=== Prompt ===
Once you find the line with "Gunyama Park timber ceilings and walls" in the listing below, set down exactly every line from it through the line with "Аньела Богуш у синьому купальнику", but no pictures.

─── Data for the task ───

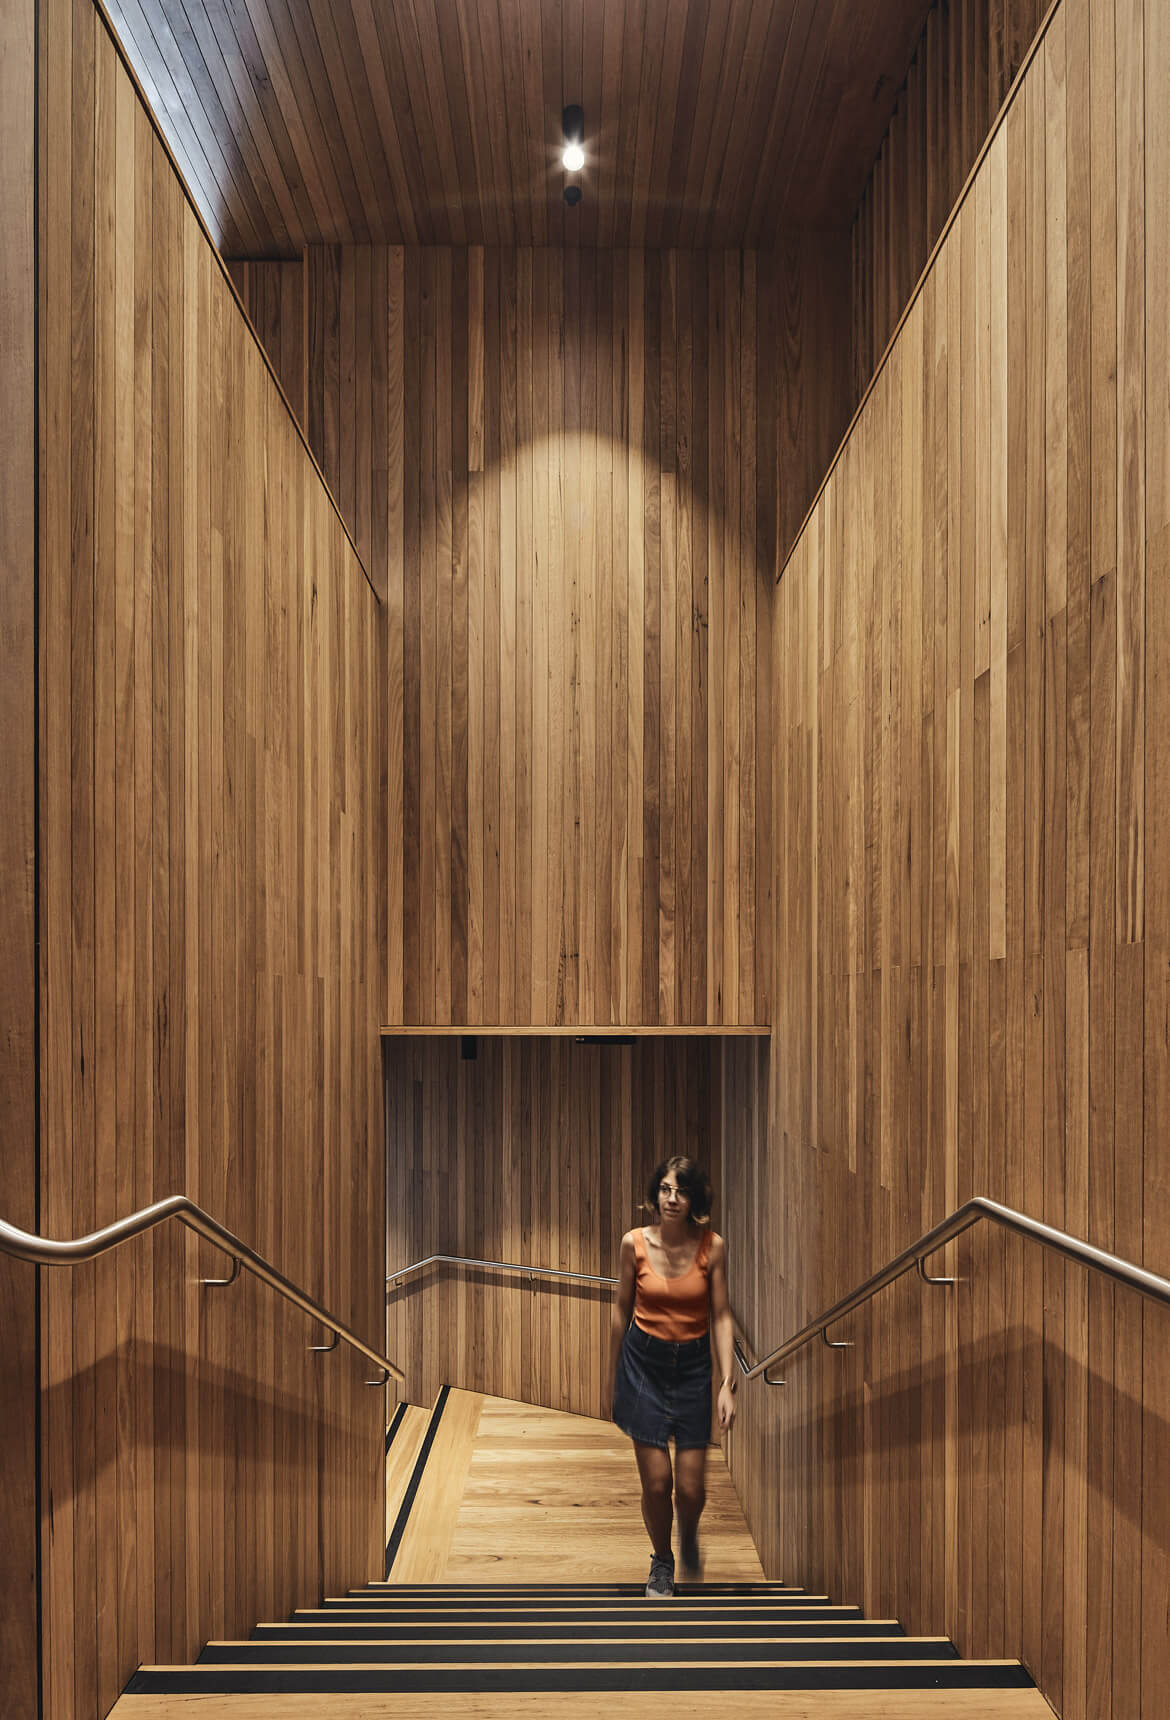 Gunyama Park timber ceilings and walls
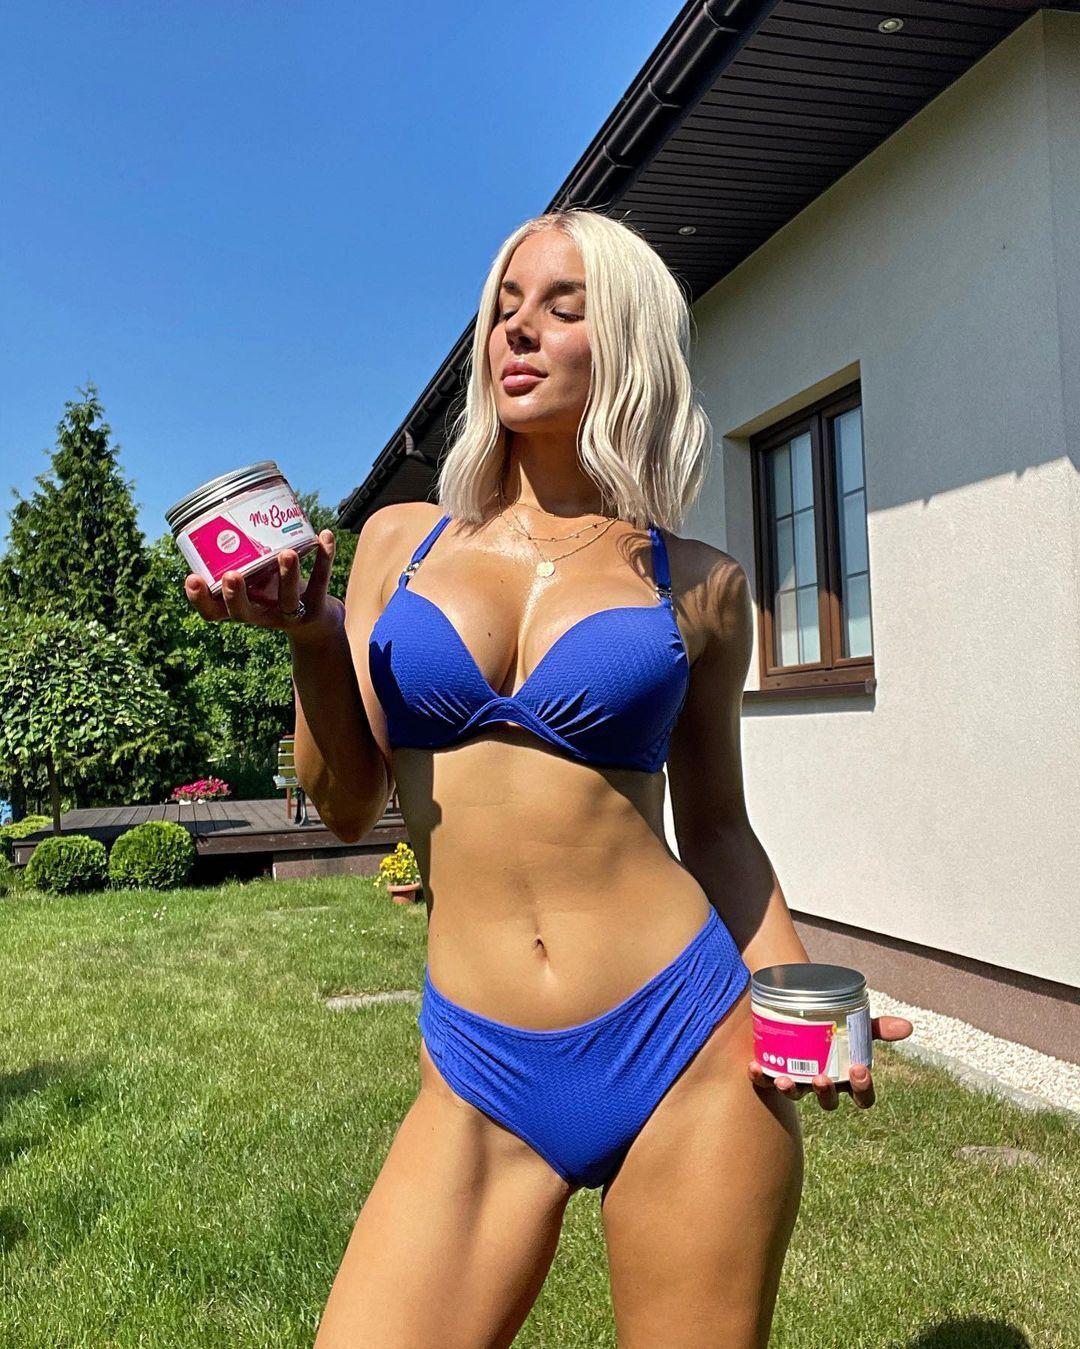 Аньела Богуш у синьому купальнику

───
─── Data for the task ───

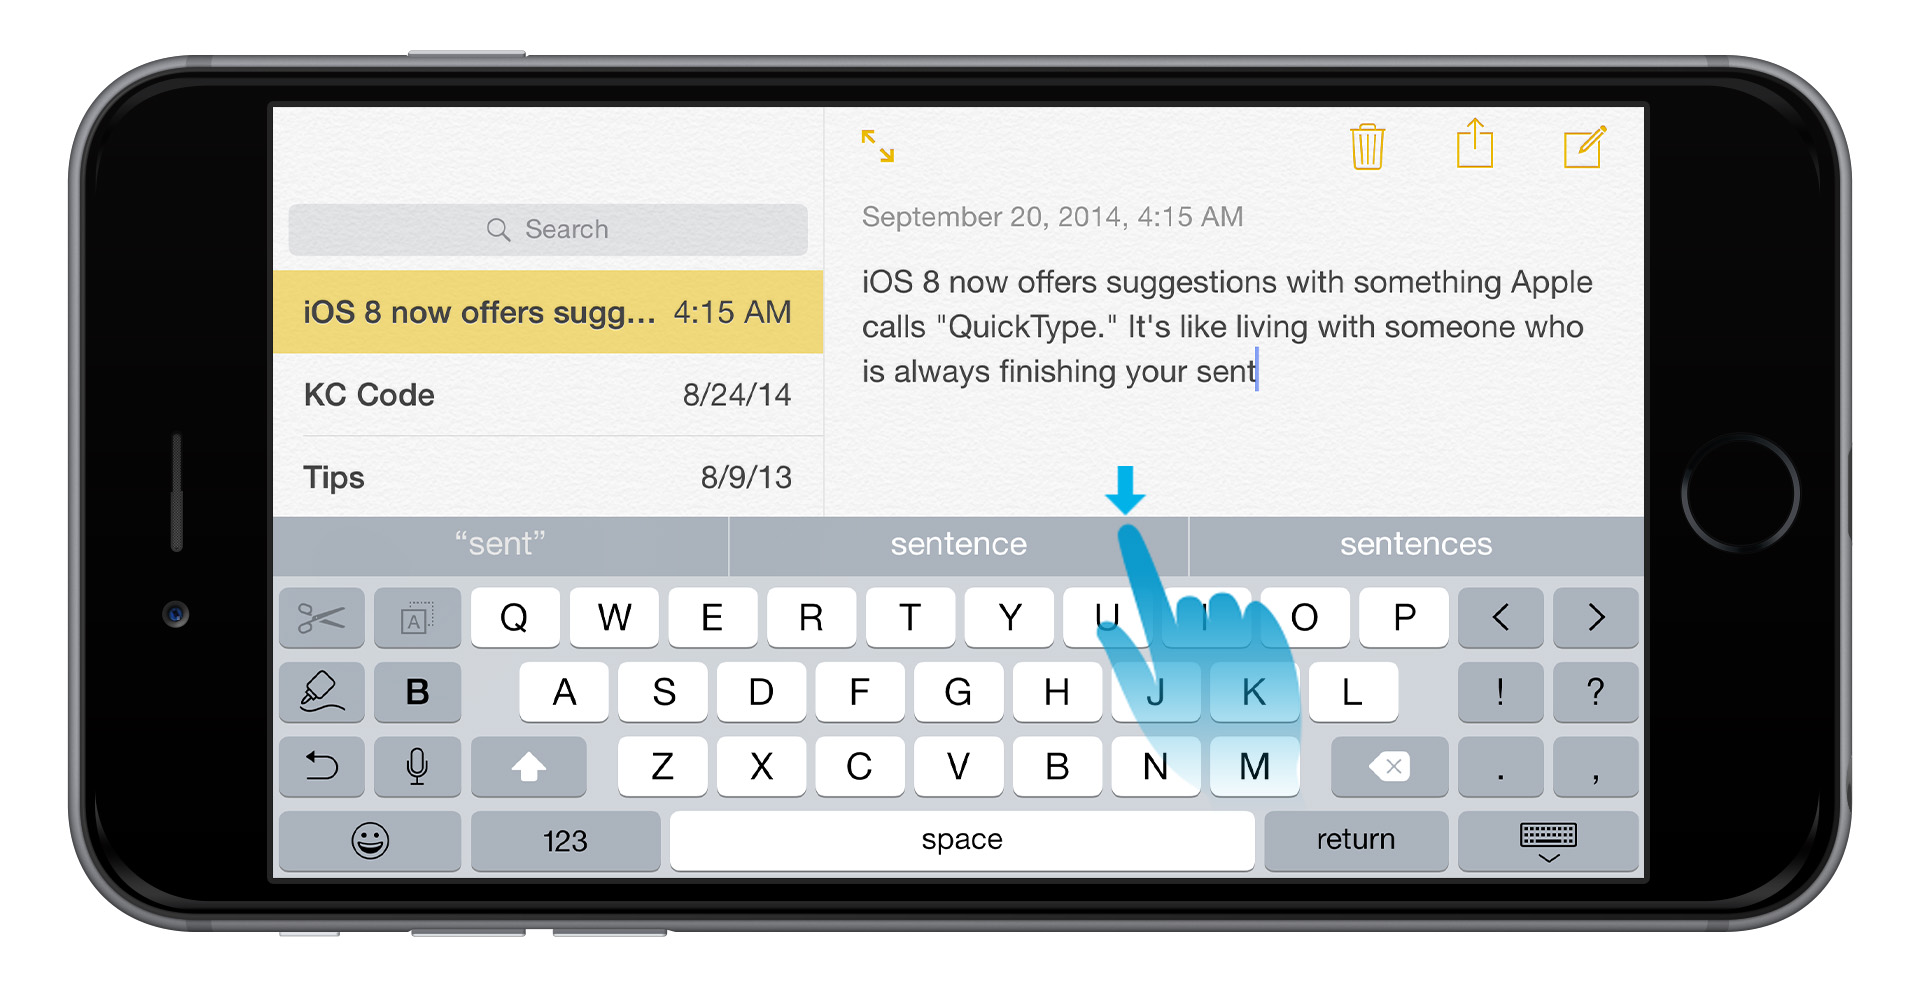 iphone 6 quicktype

───
─── Data for the task ───

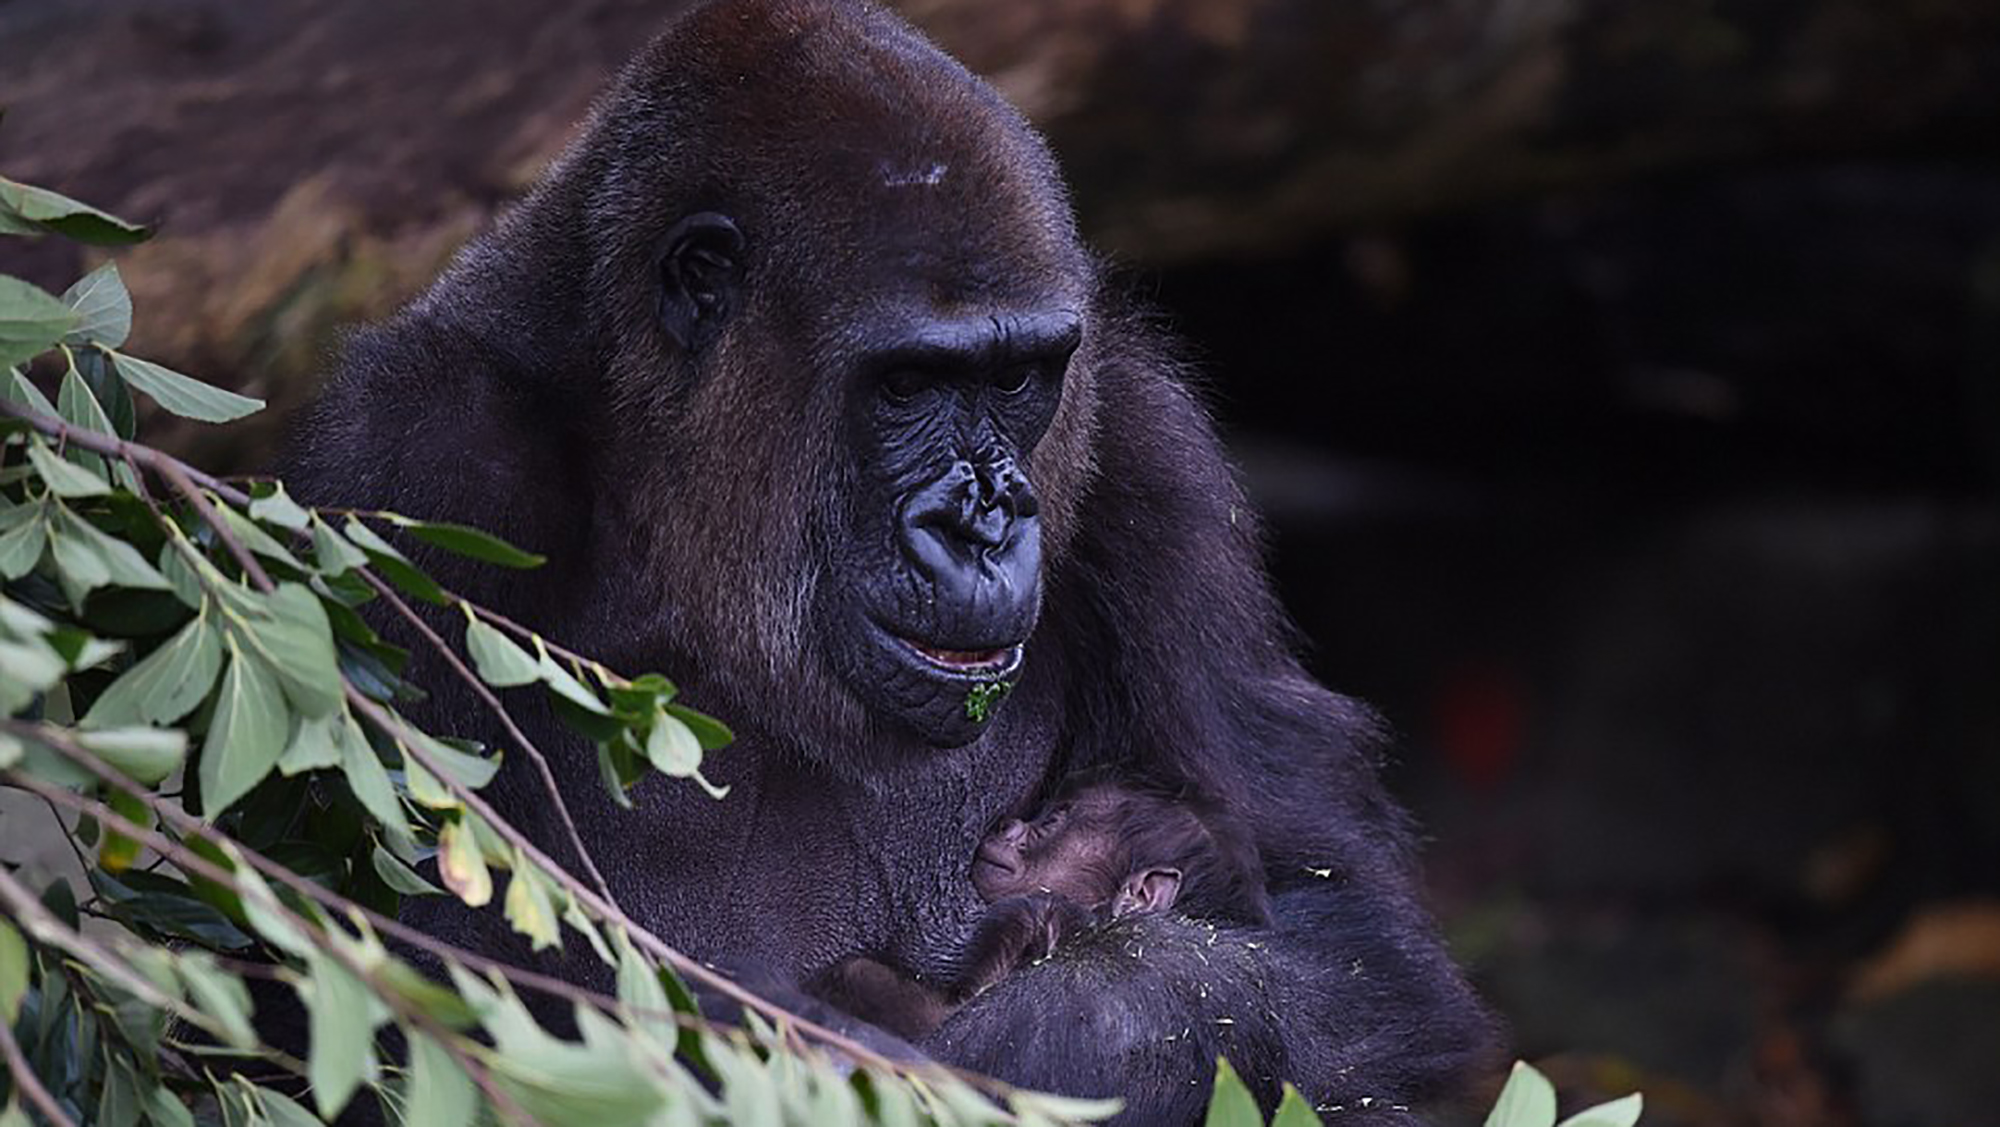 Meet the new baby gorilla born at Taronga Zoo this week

───

=== Written solution ===
 Gunyama Park timber ceilings and walls
 Аньела Богуш у синьому купальнику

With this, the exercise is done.